The basic principle of Russell Conjugation is that the human mind is constantly looking ahead well beyond what is true or false to ask “What is the social consequence of accepting the facts as they are?”  While this line of thinking is obviously self-serving, we are descended from social creatures who could not safely form opinions around pure facts so much as around how those facts are presented to us by those we ape, trust or fear. Thus, as listeners and readers our minds generally mirror the emotional state of the source, while in our roles as authoritative narrators presenting the facts, we maintain an arsenal of language to subliminally instruct our listeners and readers on how we expect them to color their perceptions. Russell discussed this by putting three such presentations of a common underlying fact in the form in which a verb is typically conjugated:

  • I am firm. [Positive empathy]
  • You are obstinate. [Neutral to mildly negative empathy]
  • He/She/It is pigheaded.  [Very negative empathy]
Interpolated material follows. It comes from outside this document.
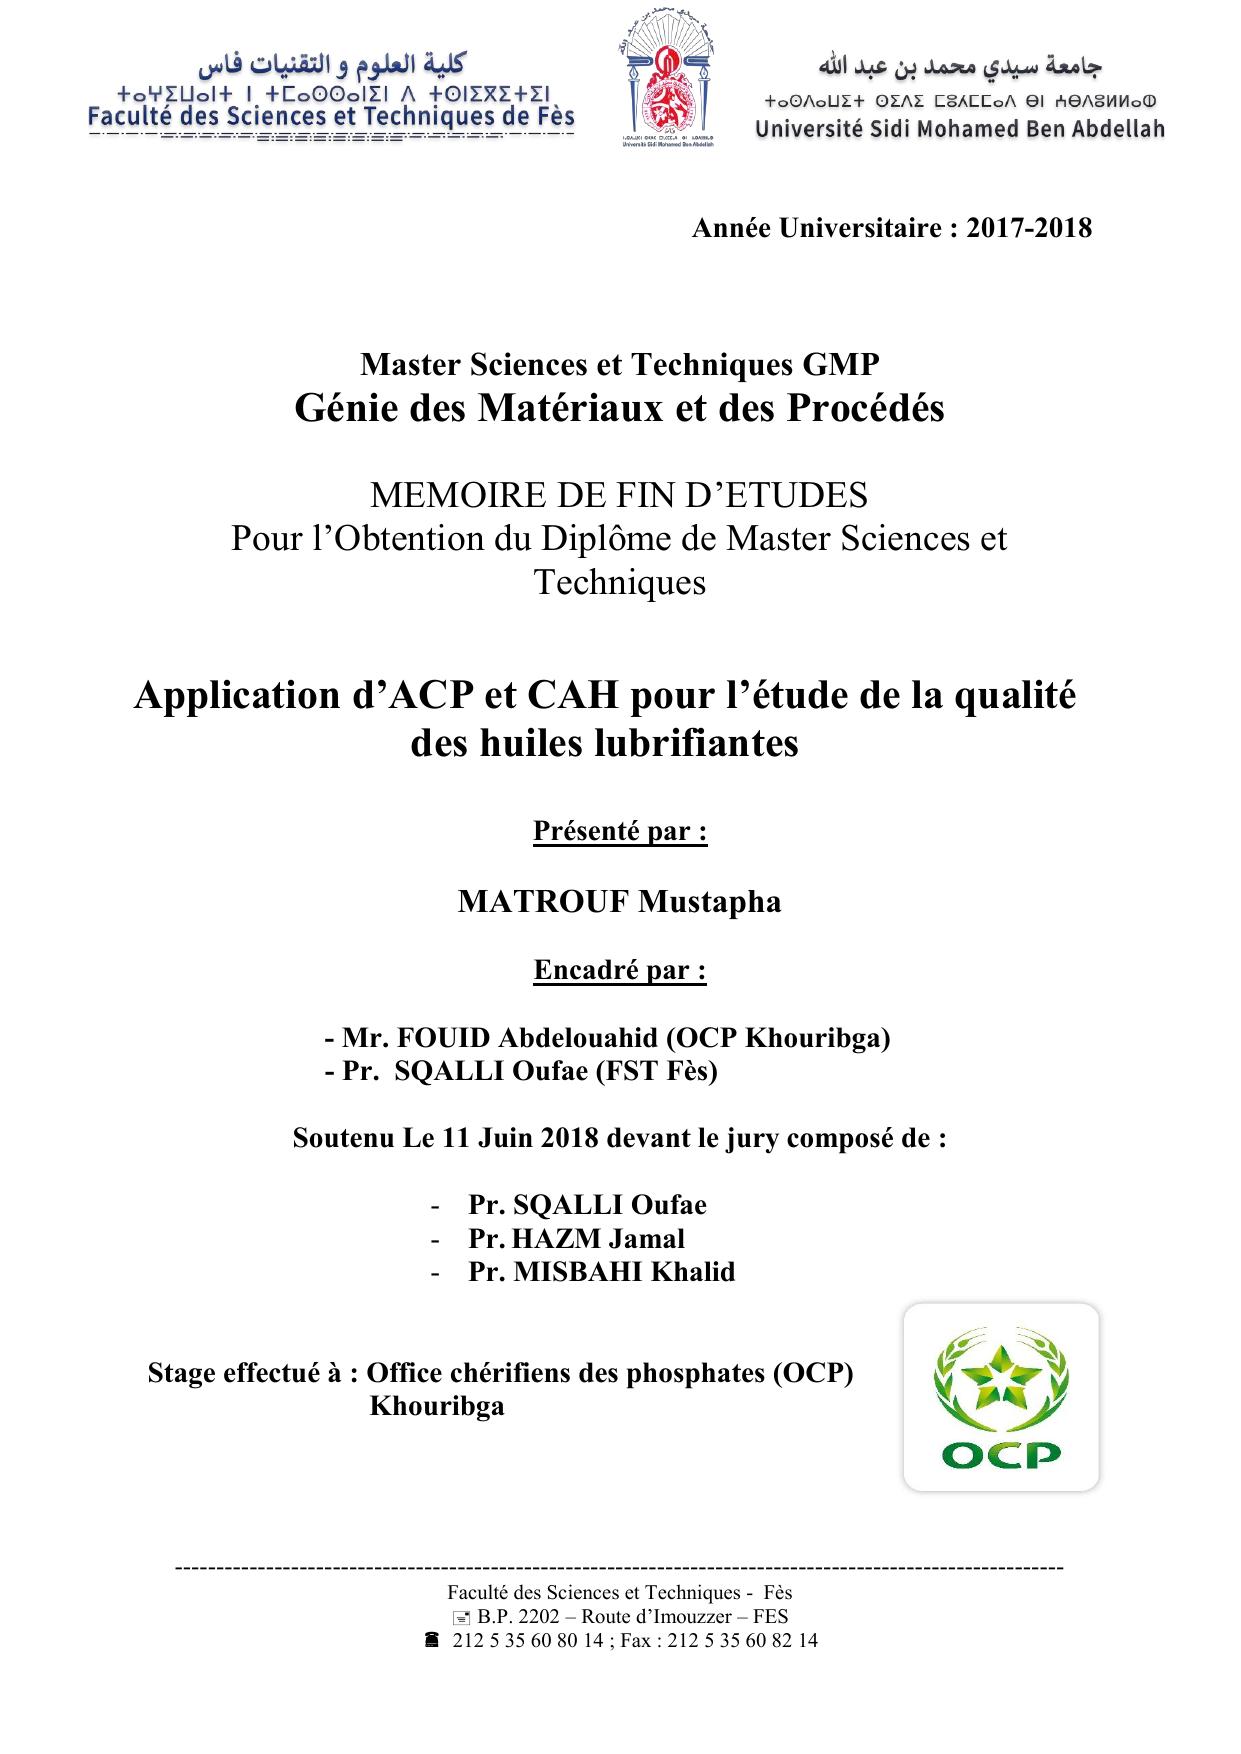 Application d’ACP et CAH pour l’étude de la qualité des huiles lubrifiantes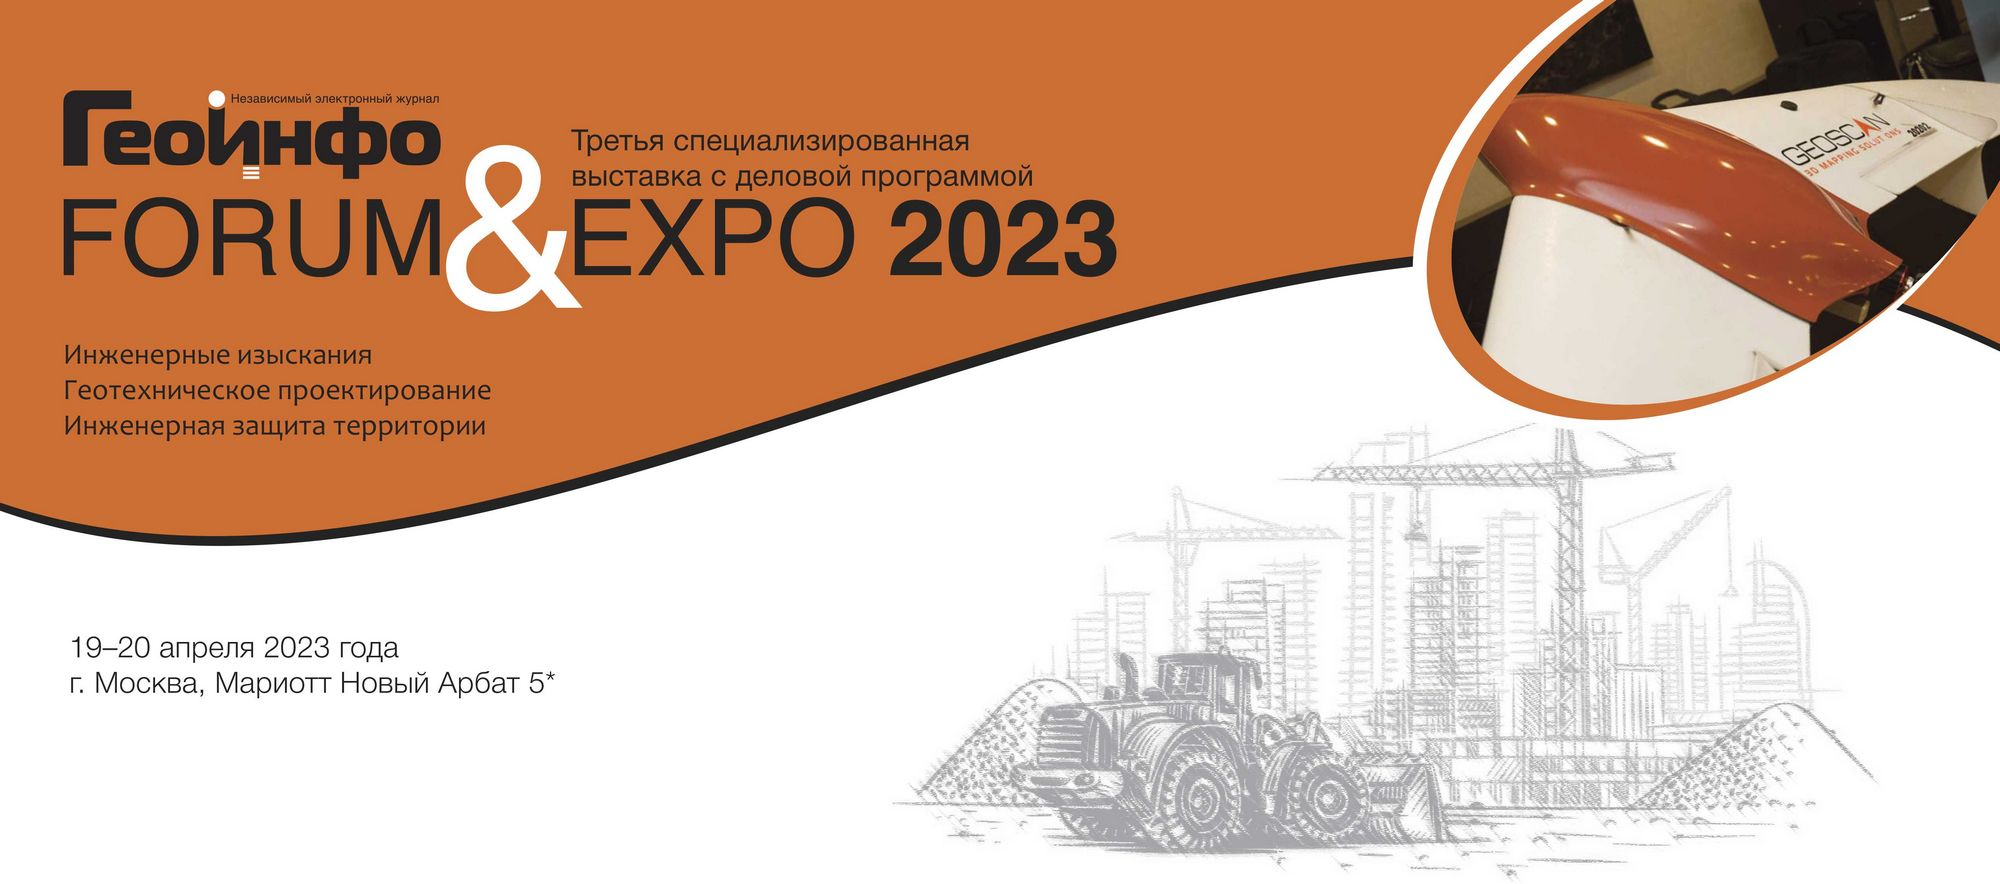 Международная выставка по инженерным изысканиям и геотехническому проектированию ГеоИнфо FORUM & EXPO 2023

In all three cases, Russell was describing people who did not readily change their minds. Yet by putting these descriptions so close together and without further factual information to separate the individual cases, we were forced to confront the fact that most of us feel positively towards the steadfast narrator and negatively towards the pigheaded fool, all without any basis in fact.

…If we accept that Russell Conjugation keeps us from even seeing that we do not hold consistent opinions on facts, we see a possible new answer to a puzzle that dates from the birth of the web: “If the internet democratized information, why has its social impact been so much slower than many of us expected?” Assuming that our actions are based not on what we know but upon how we feel about what we know, we see that traditional media has all but lost control of gate-keeping our information, but not yet how it is emotively shaded. In fact, it is relatively simple to write a computer program to crawl factually accurate news stories against a look-up table of Russell conjugates to see the exact bias of every supposedly objective story.

Thus the answer to the puzzle of our inaction it seems may be that we built an information superhighway for all, but neglected to build an empathy network alongside it to democratize what we feel.”